An apology, at this point, isn't enough, said Dara Busch, executive vice-president and managing director of Rubenstein Associates in New York, a top PR company.
"It will take years for her to fix how she will be viewed by the African American community. She has to find ways to prove that she's not that way any longer," said Busch.
Howard Rubenstein, who founded Busch's firm and is known as a damage control guru, helped facilitate Richards' apologies to the Revs. Al Sharpton and Jesse Jackson after the comedian was caught on video using the N-word and making a lynching reference on stage against a black heckler. Rubenstein declined an interview.
Kopp said Richards apologized over and over on TV and elsewhere, yet his career has never been the same.
Gibson's work life imploded after he claimed Jews are responsible for all the wars in the world and was caught berating his ex with the N-word, though he still works behind the camera.
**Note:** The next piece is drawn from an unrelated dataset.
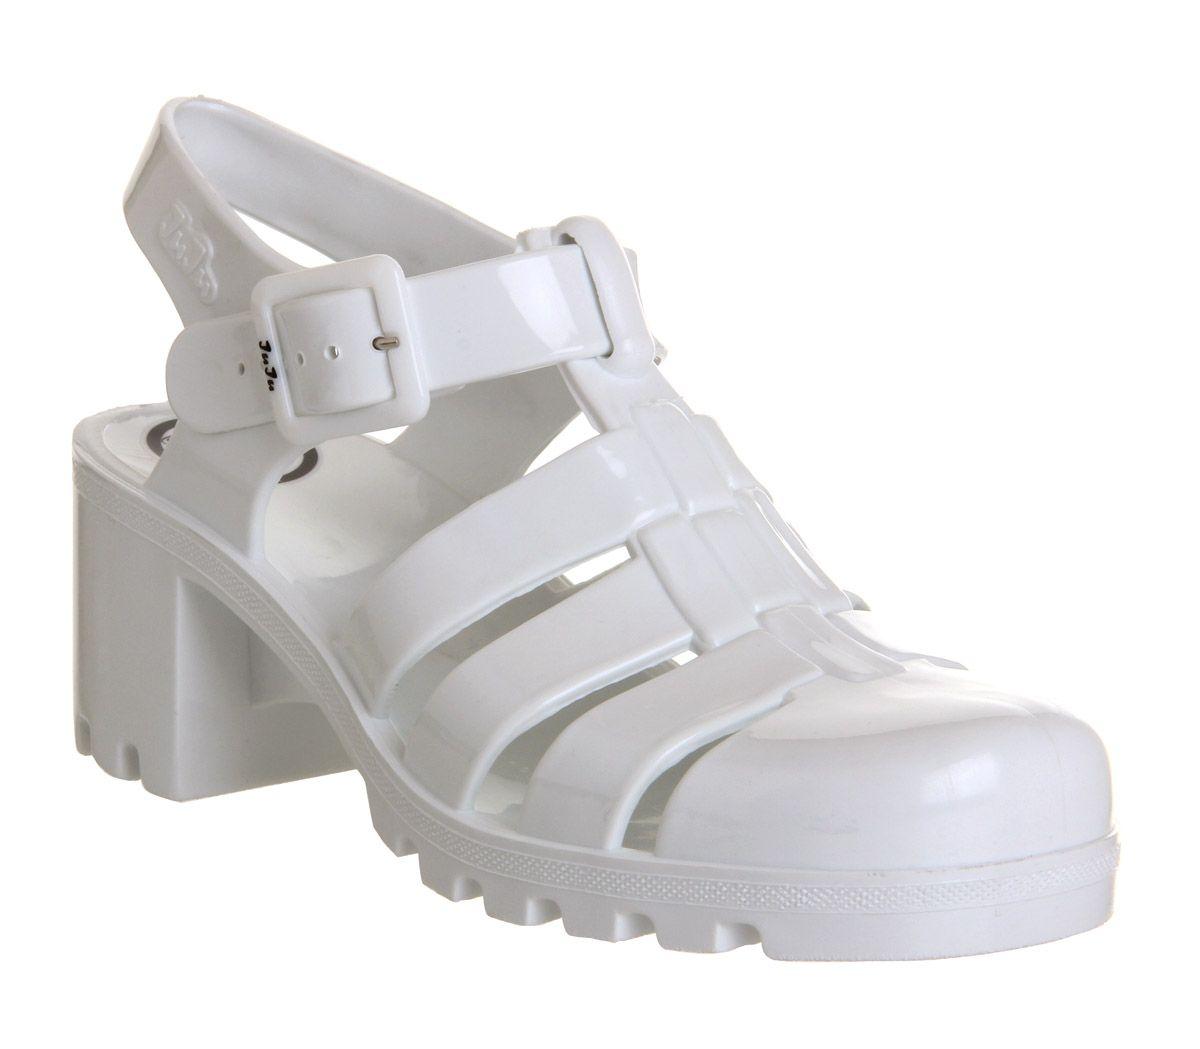 JuJu Babe Hi Jelly Shoes White - Sandals

Deen has already surpassed the actor in the apology department, said Abraham Foxman, national director of the Anti-Defamation League who has met regularly with John Galliano after the fashion designer's inebriated rants about Hitler were caught on video.
"Mel Gibson really never apologized. There's this apology, 'If I offended anybody, I didn't mean it.' That doesn't go anywhere. You have to be specific. What, where, who. Mel Gibson never really stepped up to the plate," Foxman said by telephone Monday while on a trip to Jerusalem.
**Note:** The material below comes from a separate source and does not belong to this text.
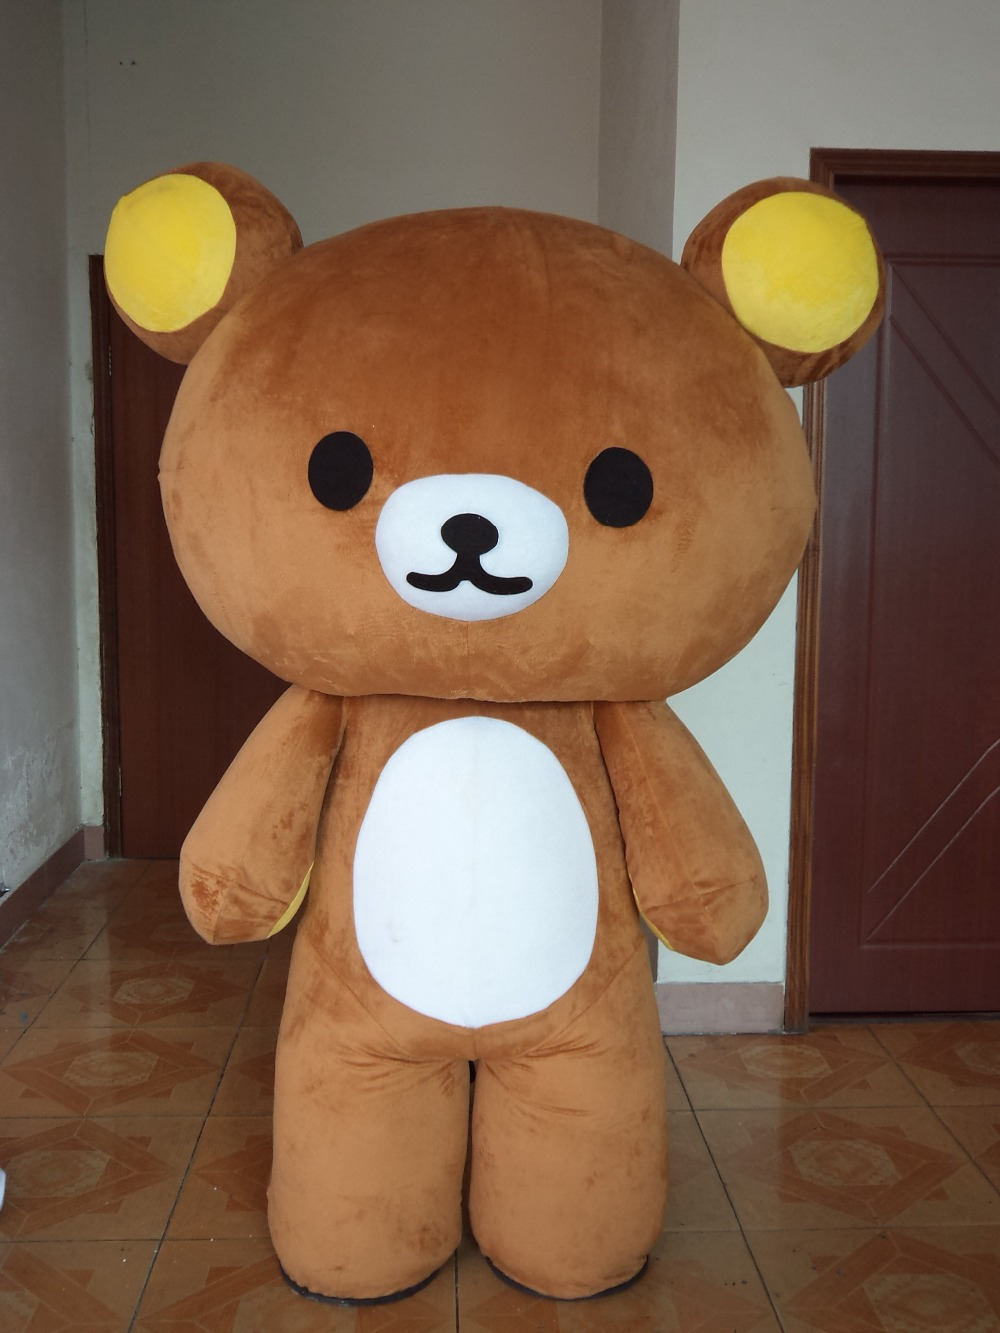 Assassino        Relaxation-teddy-bear-mascot-costume-apparel

Galliano, who recently sat down with Charlie Rose for a rare interview, has studied Jewish history with rabbis, owned up to addiction and tried to atone, Foxman said, yet he's struggling as Richards is to make it back professionally.
Will Deen follow up with action to back up her apologetic words?
"I want to believe her, that she's not that way anymore," Foxman said. "It used to be very simple rules: You say something that's offensive, that's hurtful and there's a formal apology, an explanation, and depending how severe it is, you do a good deed, you volunteer, whatever. There used to be a clear path. It used to be over. That was before the Internet."
While Galliano was always considered a bad boy on the job, Deen's ability to earn a living depends on a squeaky clean, though cheeky, reputation despite her hiding her diabetes for years, then signing on as a paid endorser of a drug for the condition while continuing to cook up deep-fried everything on TV.
The previous controversy may have dinged her, but it didn't take her down.
"You know, this sort of thing hasn't been a career-ender for that many people," Min said. "But she's reliant on television, pretty much mainstream wholesome television, to prop up her brand. If you're not on the Food Network, you just don't have too many other places to go."
Smithfield Foods, where she had her own line of hams, also dropped her this week as a pitchwoman.
Min, Kopp, Busch and others say Deen has been her own worst PR enemy in the fallout from her race-fueled deposition, which also included her seeing the "beauty" in a Southern-style wedding she once considered for her brother, complete with formally dressed black waiters.
That and her oddly spliced video apology, later swapped out for an unedited one after she bailed on Matt Lauer and the "Today" show, "made her seem shifty, sort of erratic and strange," Min said. "She had already dug herself in by waiting three or four days before talking at all and what she finally did say dug her in a little deeper."
Sharpton knows that "we've all said things we've regretted," and he's not particularly worried about what words Deen used long ago. "She's being condemned for now. There's a live lawsuit accusing her of racism and bias now and that's what I'm concerned about," he said.
Deen was invited back on the "Today" show Wednesday. If Sharpton had the chance to swap seats with Lauer, what would he counsel?
"I would tell her if she's guilty of this she should be prepared like Michael Richards to lose a lot of her gigs," he said. "It's one thing to have done something growing up in the South, or in your past. It's another thing that in your success you continue to do that, and she like anyone else should have to pay a price if that's what she's done."